При упоминании этого имени Катя мрачнеет. Но Петя уже начал отвечать:

– Пашка-то? Он сказал, что за год школы напахался, как лошадь, и летом будет только отдыхать. А я на компьютерные курсы приехал: с их корочкой потом подрабатывать можно. Грех не попробовать.

– Какой молодец! – одобрительно киваю я. А про себя думаю: «Не то, что Паша! От него семья помощи не дождётся! Раздолбай – он и есть раздолбай! И что только в прошлом сезоне все девчонки нашли в нём?»

Хотя и в раздолбаях есть своя прелесть. С Пашкой наша компания становится веселее, и мне жаль, что мы не увидимся до лагеря.

– Надо было тебе, Петя, на брата повлиять, – назидательно говорю я.

– А сторож ли я брату своему? – парирует тот.

Цитата из Библии звучит в данном контексте так кощунственно, что возмущение пресекает все мои вопросы.

Да и не до того: из служебной двери возле самой солеи появляется Денис, и разговор сворачивается. Компания в сборе, можно и выдвигаться. И мы гомонящей гурьбой высыпаем на улицу, которая уже вовсю загорает под высоким, почти пляжным солнцем.

«Всё-таки интересно собралась наша компания, – думаю я. – Почти с бору по сосенке.

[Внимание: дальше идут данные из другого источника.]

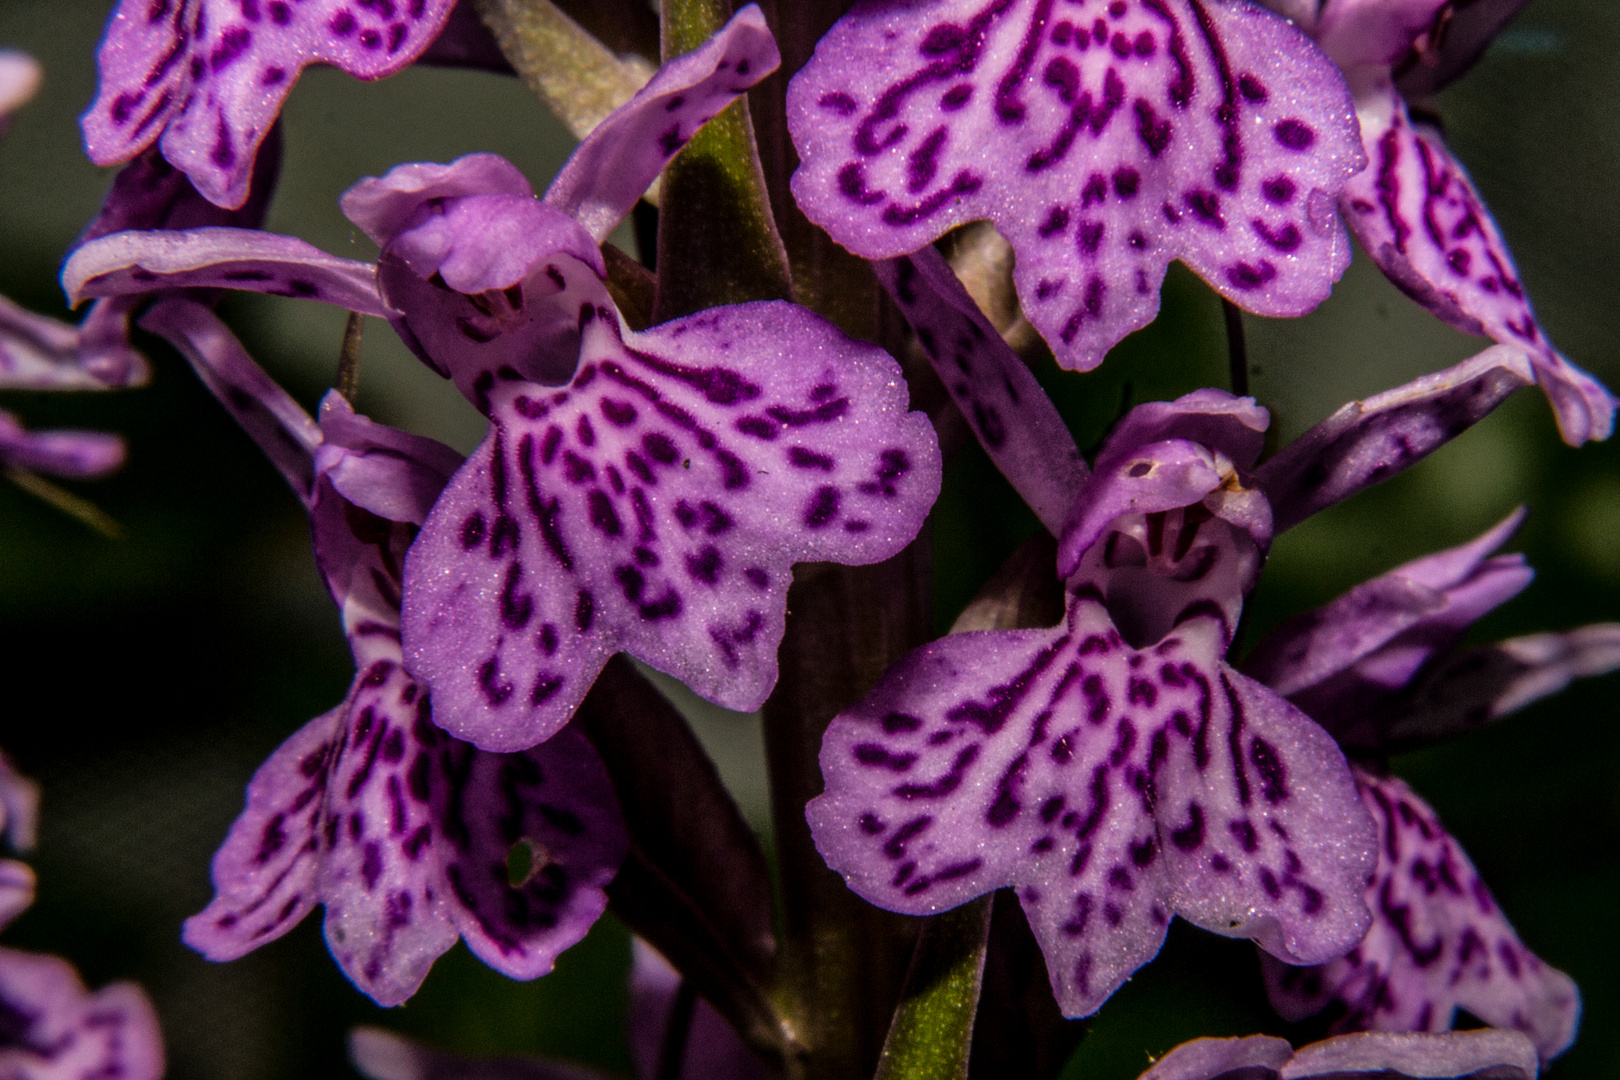 Dactylorhiza maculata, european orchid species.
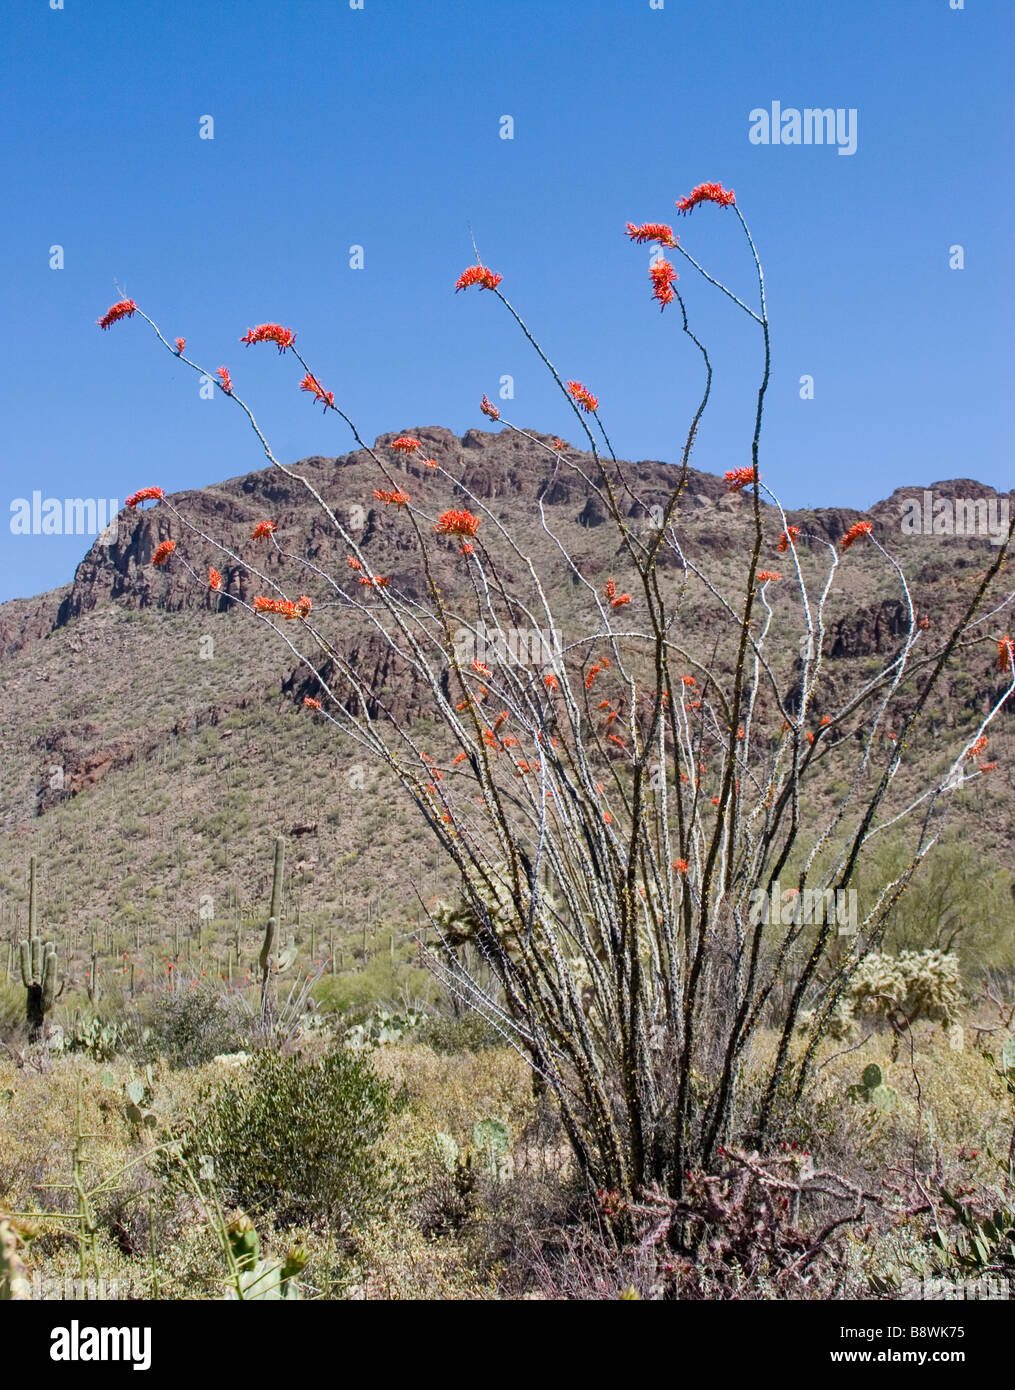 Ocotillo Fouquieria Splendis flowering in desert setting against mountain range Stock Photo

Кто откуда». Вот Дениса, например, три года назад привела Наташа. Они давно знакомы по театральной студии. Наташа сразу выделила его среди других студийцев и стала зазывать к нам в лагерь. Правда, пока они учились в младшей школе, вместе поехать на смену никак не удавалось. Как только начиналось лето, родители отправляли Дениса к бабушке и дедушке в Белоруссию. Однако, достигнув двенадцати лет, он решительно заявил, что уже достаточно вырос для того, чтобы самостоятельно выбирать, где и с кем проводить каникулы. Как ни странно, аргумент подействовал. Сейчас Денису пятнадцать. Он серьёзный и вдумчивый, а в школе почти круглый отличник. Отец Даниил даже разрешает ему по воскресеньям помогать на службе в алтаре. Впрочем, и Паша, хотя он и раздолбай, у себя в Светлогорске тоже алтарничает в храме…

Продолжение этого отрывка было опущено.